Some minutes later (I removed many intervening “Fast Enterprise Crawler” entries for that same IP address and several others), his IP address has changed to 77.247.181.163, while his user ID remains 4955, but he has avoided getting (or maintaining) a session ID — an artifact of the Crawler program he is using.  A minute and a half after the last Crawler hit, his user agent goes back to his Firefox browser, but his previous session ID and User ID are gone.  The cookies don’t carry over from the Crawler to his browser, of course, but the IP address relates the two.  A little while after that, he’s begun a new session (ID ba02044b4d80154303866f6fc0da1017) , without logging on as any user.

As you can see, tying together all of the hacker’s activity is a bit of a puzzle.  One needs to consider all of the combinations of IP addresses, session IDs, user IDs, and some other tricks to find all of the different spots in the logs that represent all of the hacker’s moves.

Beyond this, something which is not apparent to the reader, because I’ve saved you from that complication, is that these logs are intermixed with all of the activity of all of the visitors simultaneously accessing the site along with the hacker.  Between the first and last of the four log entries shown above were 10,556 such entries for various visitors, of which only 102 belonged to the hacker (and that number is only that high because he was using FAST Enterprise Crawler at the time to automate his actions.

...at the beginning of the search, we did not know when the hack took place, or how to identify any of the hacker’s activity.

The full log for the day of February 23rd had 1,100,905 such entries.  Finding the hacker in that is like finding a needle in a haystack of needles.

But it’s worse than that.  To use the Hansel and Gretel analogy, at least the siblings started at one end of the trail of breadcrumbs.  In our case, at the beginning of the search, we did not know when the hack took place, or how to identify any of the hacker’s activity.  The starting point could have been in late or early March, February, January or before.  Before we could find the breadcrumb trail, we first had to wander through the forest, hoping to stumble across some recognizable fraction of it.

Or, to use the original analogy, our task was like finding a needle in a field full of haystacks made of needles.  The number of log entries for just the year of 2012 to that point was somewhere around 85 million.

 

Malvin: I can't believe it, Jim. That girl's standing over there listening and you're telling him about our back doors?
Jim Sting: [yelling] Mister Potato Head! Mister Potato Head! Back doors are not secrets!
Malvin: Yeah, but Jim, you're giving away all our best tricks!
Jim Sting: They're not tricks.
Wargames (1983)

March 26, 2012 — 2:27 PM EST — Backdoors

Even before the war room was ready, John, Doug and I were feverishly trying to riddle our way in the darkness (well, it was dark in Australia, but mid-day outside of Boston) as to how the hacker got in.  Like everyone else, we were distracted by the SQL injection log files, assuming that must have been the first point of entry.  That wasted a lot of our time, but it provided the starting point for properly tracing the hack.  We talked through a lot of options.  The obvious thought was that somehow the hacker got an injection log file, stole John’s credentials, and logged in that way.  Except that wouldn’t give you access to the entire database, only to John’s special administrative functions.  The altered compilation of the forum refuted that approach.
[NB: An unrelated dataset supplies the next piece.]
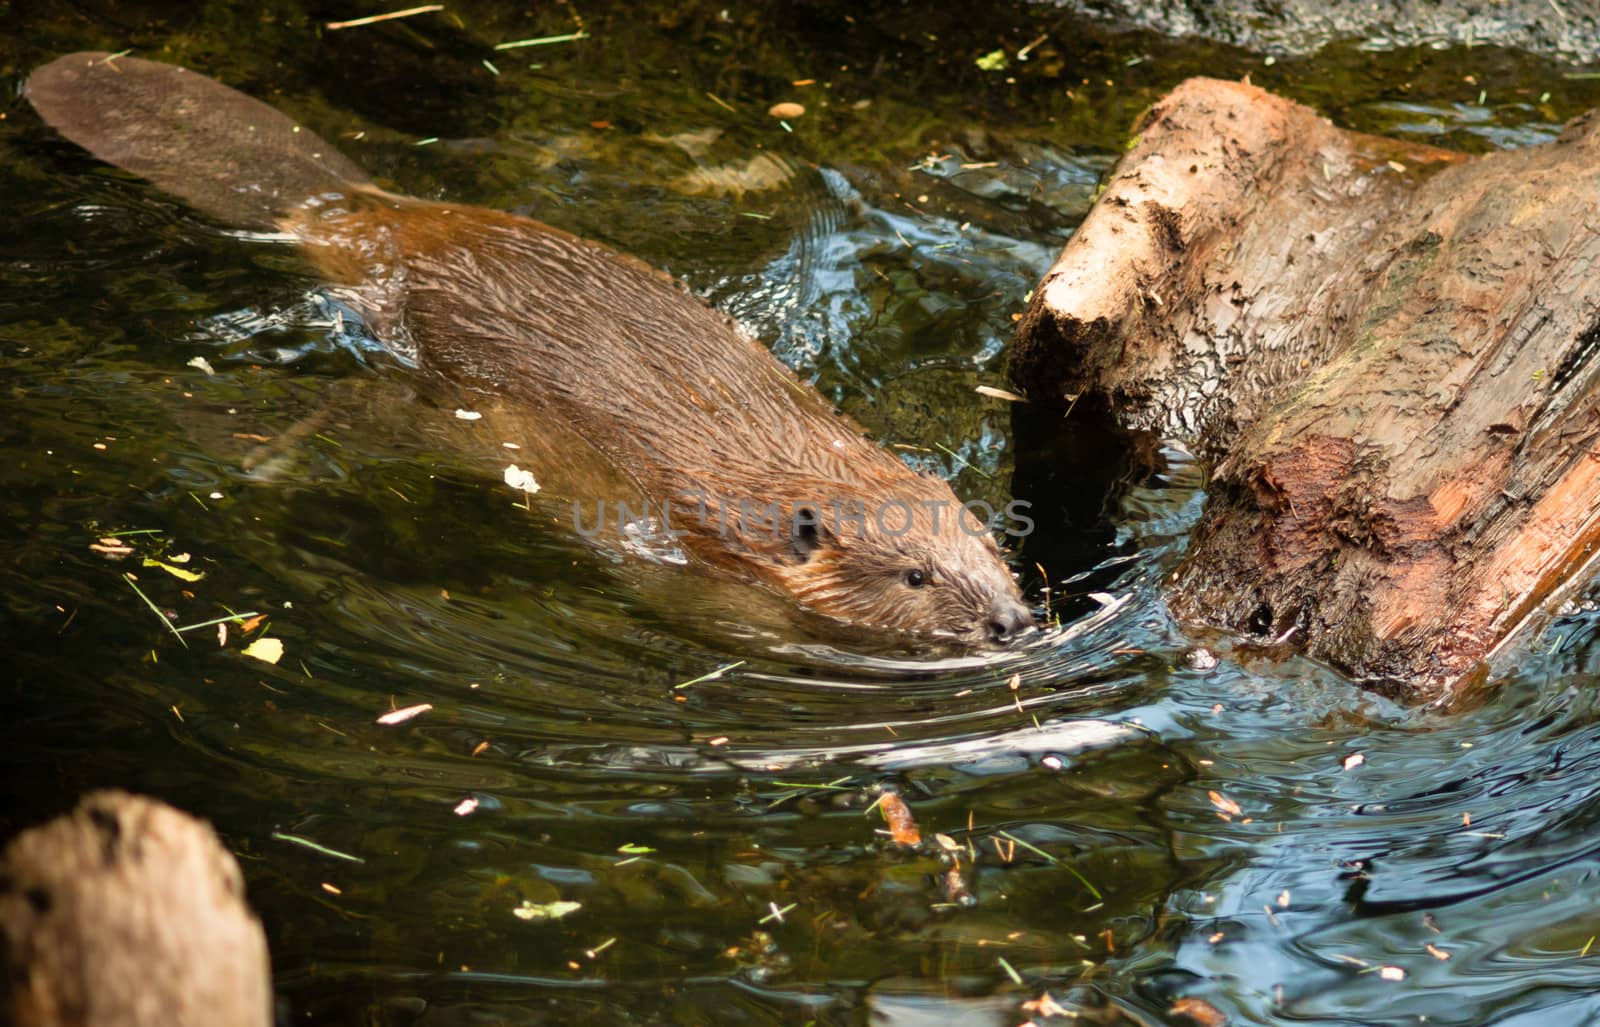 North American Beaver Castor Canadensis Wild Animal Swimming Dam by ChrisBoswell

...the backups simply weren’t accessible through a browser, even if you knew where they were.

I asked John if the hacker could have gotten hold of a database backup, but the answer to that was an instant “no”.  First, the script which created the backups put them, as any such script should, into the document tree above the publicly accessible pages.  Unlike the SQL injection log files, the backups simply weren’t accessible through a browser, even if you knew where they were.  It was not possible.  Second, the backups were also quickly moved off site and deleted, as the last phase of the backup script.  There was no way the hacker got a database backup that way, unless he had web host administration credentials, which also would give him direct access to the database and he wouldn’t need a backup.
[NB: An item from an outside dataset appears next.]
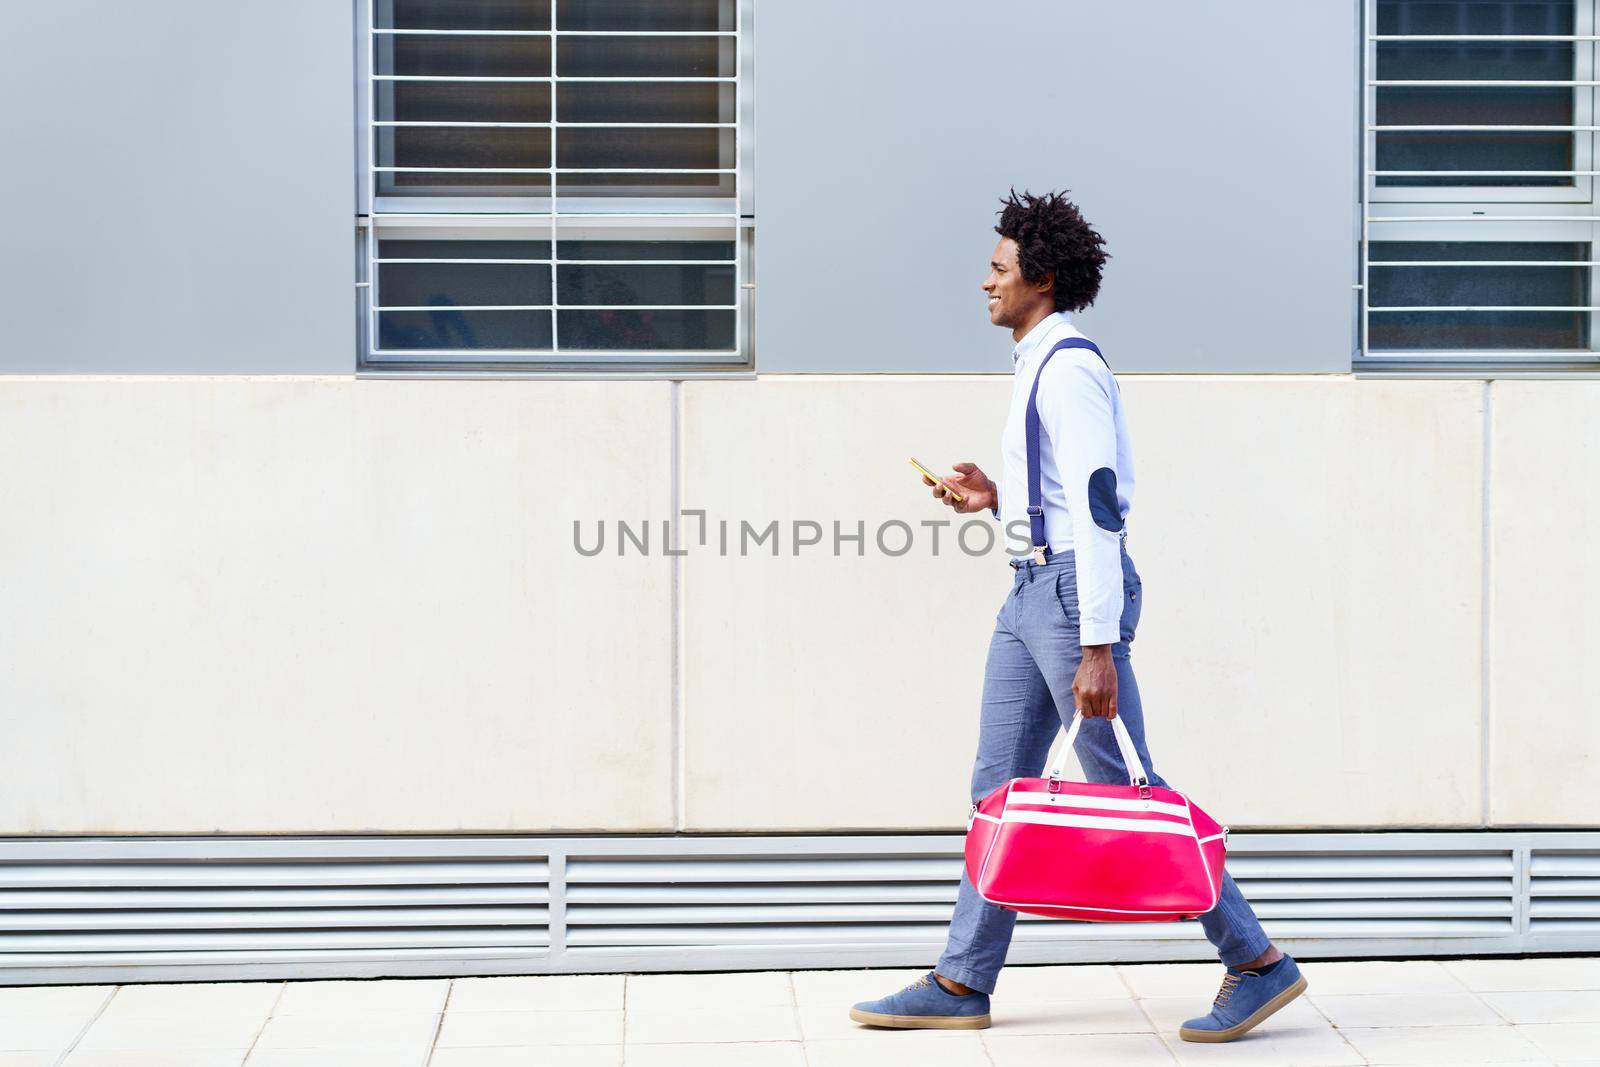 Black man with afro hairstyle carrying a sports bag and smartphone outdoors. by javiindy

There were only two ways a hacker could get such credentials.

If the hacker either worked at or knew someone who worked at the web host service, he could steal John’s credentials that way.  This is how Edward Snowden accomplished much of his “hack.”  He just made use of an ID that had been briefly “loaned” to him by a (since fired) friend at the NSA.  One of the most famous hackers of all time, Kevin Mitnick, claims that he solely used such social engineering to steal credentials for unauthorized access.

Yet another possibility was that the hacker had hacked into either Doug’s or John’s personal home computer, somehow stole web host administrative credentials from there, and got into the database that way.

Neither of these options seemed likely.  One also couldn’t get such web host credentials from the SQL injection log files.  They only had John’s website credentials, which only let you do things through the application itself.  Along those lines, I asked John to bump up my user capabilities to match his, so that I could see exactly what someone could do by logging in as John.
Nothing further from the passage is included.